The Northman confirme l’indéniable talent de Robert Eggers et l’originalité de son sillon indépendant creusé dans le paysage cinématographique contemporain. La réussite de son long métrage est avant tout technique, tant la virtuosité des plans-séquences et leur signification au sein du récit, les mouvements de caméra et la lisibilité de l’action s’avèrent soignés. Pour autant, le pari technique, ici relevé haut la main, échoue en partie à délaisser l’esthétique que l’on trouve en abondance dans les cinématiques de jeux vidéo, avec ces parties fantasmées séparant deux combats menés à la première personne.


Eggers confond alors l’outrance d’une époque, qu’il donne à voir par le prisme des origines et de leur histoire, avec l’outrance visuelle selon laquelle tout doit signifier, chaque image doit graver la rétine et imposer un élan épique. Le spectateur est l’otage d’un spectacle qui n’est impressionnant qu’en jouant la carte du chaos et de la confusion de l’espace et du temps. Il ne bénéficie pas assez des étapes initiatiques nécessaires au personnage principal, étranger ou maintenu à l’écart du fonctionnement du monde dans lequel il va évoluer – à l’instar, d’ailleurs, du nouveau gardien de phrase interprété par Robert Pattinson dans The Lighthouse (2019) ou de la jeune Thomasin dans The Witch (2015), tous les deux récits d’apprentissage et d’initiation au mal et à la folie – pour préférer le choc d’une reconstitution prise en étau entre l’Histoire et le rêve, sans parvenir à les entremêler.

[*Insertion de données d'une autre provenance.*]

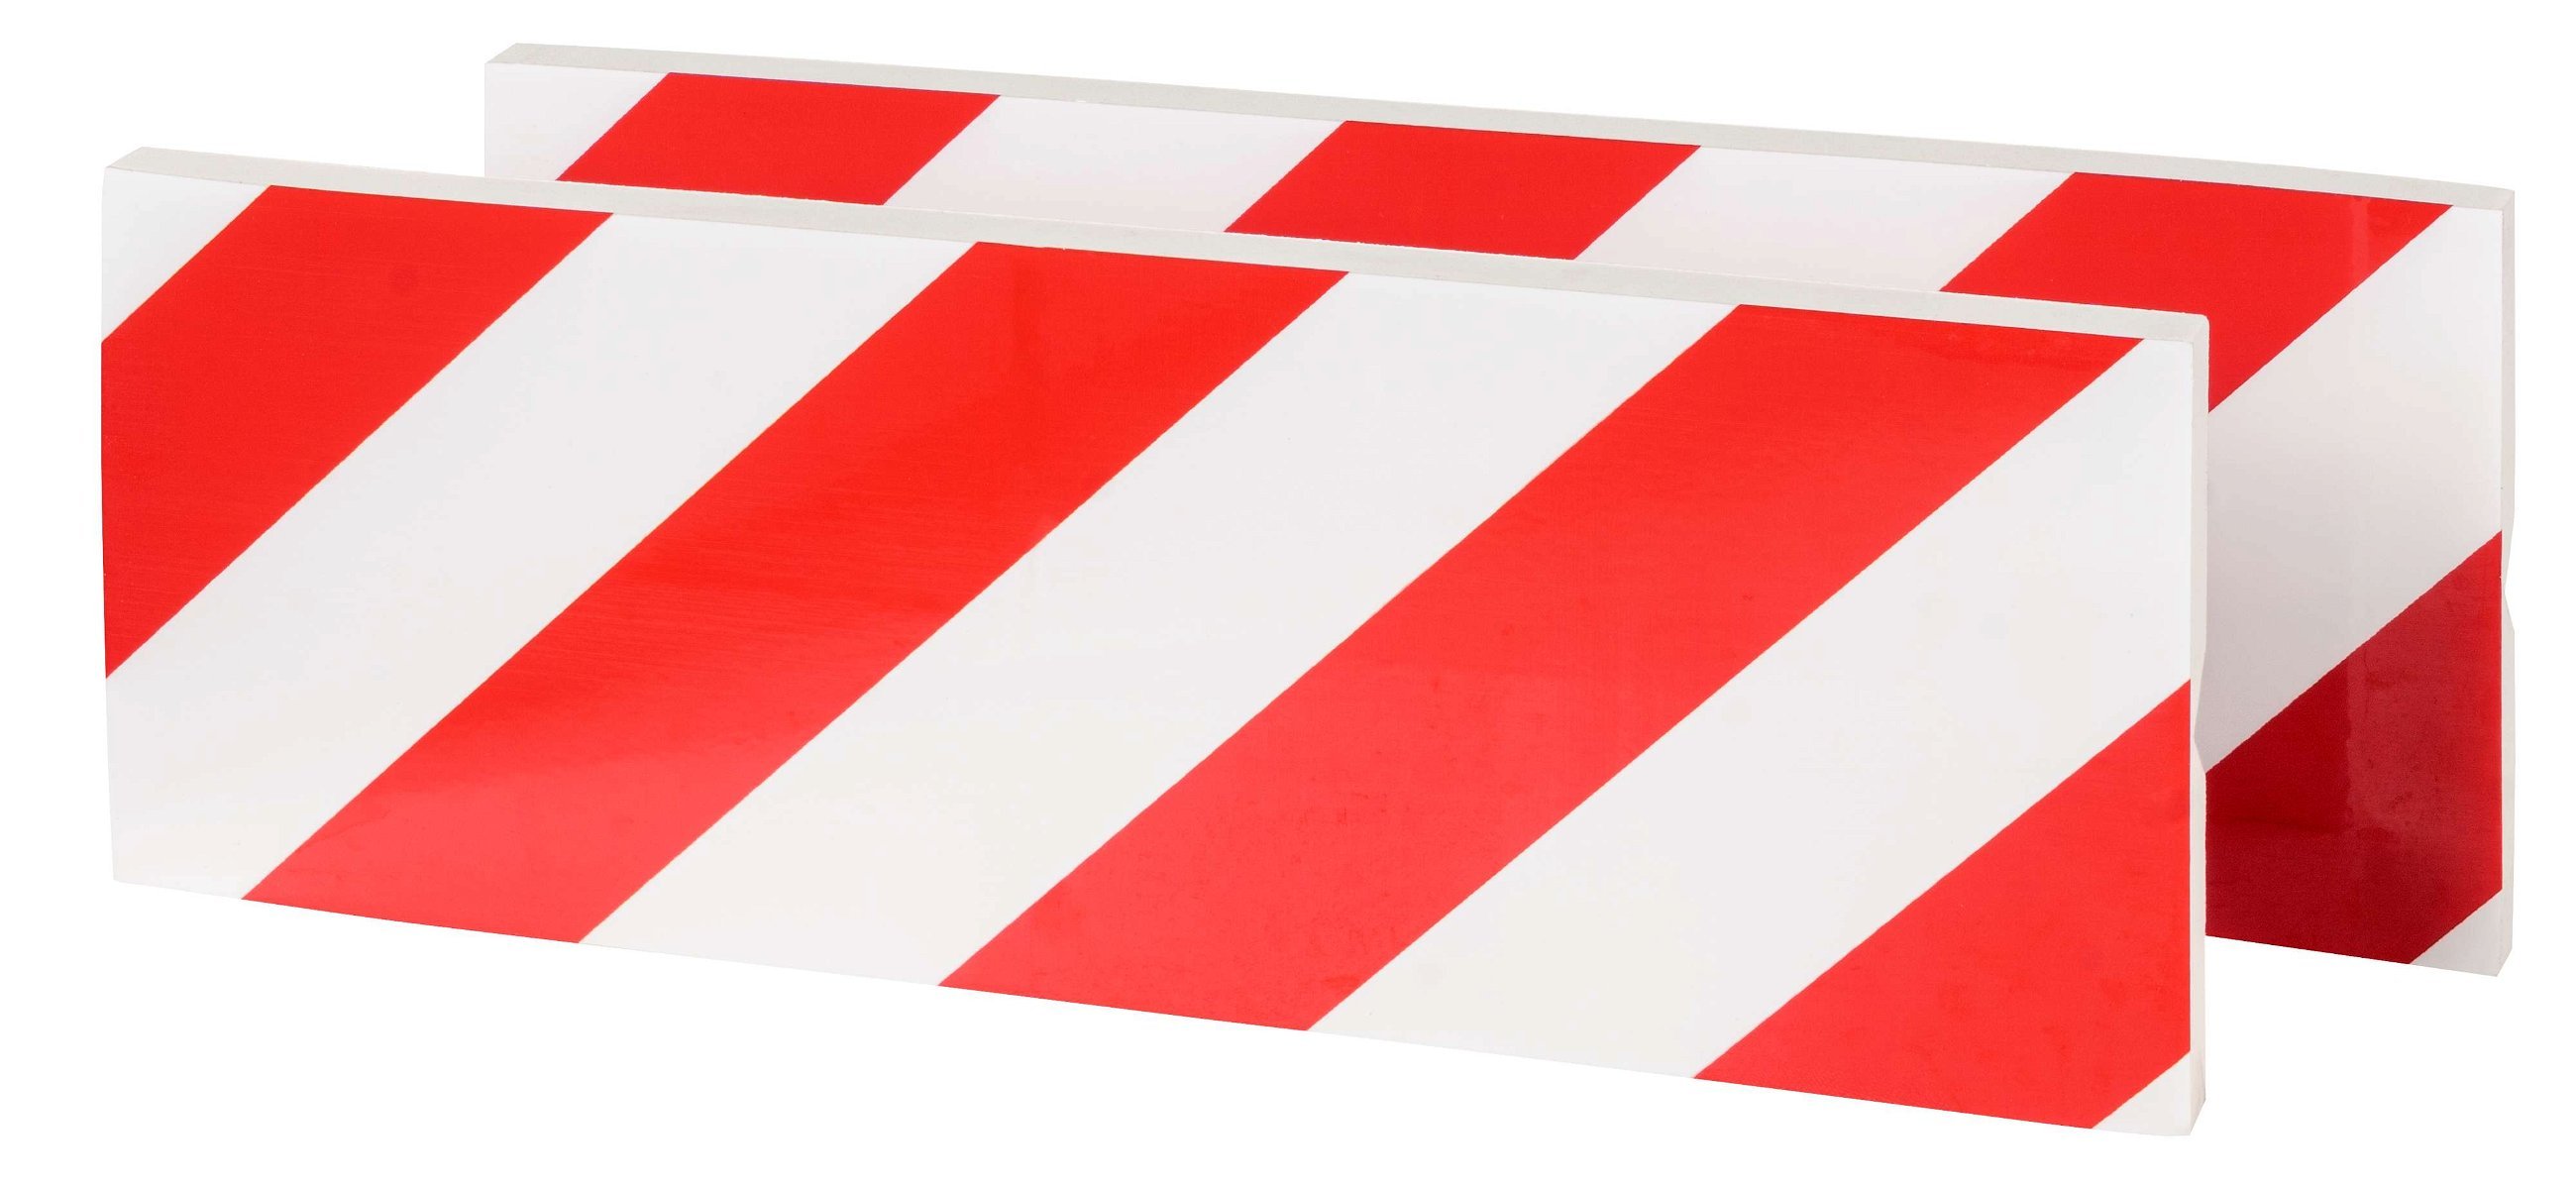 Garage wandbescherming, 2 stuks Autoportier randbescherming zelfklevend 40x15x1,5 cm rood/wit

La magie oscille entre l’ésotérisme et l’utilité narrative, elle ne se partage pas mais reste lisible, la faute à des dialogues pompeux ; elle demeure prisonnière de séquences réalisées à la chaîne et montées à part qui martèlent encore et encore la quête du héros. Et si celles-ci parviennent à diffuser une impression d’inquiétante étrangeté, elles perdent de leur puissance quand s’invitent voyeurisme et complaisance, à l’instar de l’union charnelle ridicule sous la lune. L’imagerie numérique dessert le film parce qu’elle illustre sans incarner ce récit des origines, un récit plein de borborygme et de cris d’animaux poussés sur fonds verts. Une curiosité imparfaite mais à voir en salles qui témoigne de la vigueur et de l’originalité du cinéma de Robert Eggers.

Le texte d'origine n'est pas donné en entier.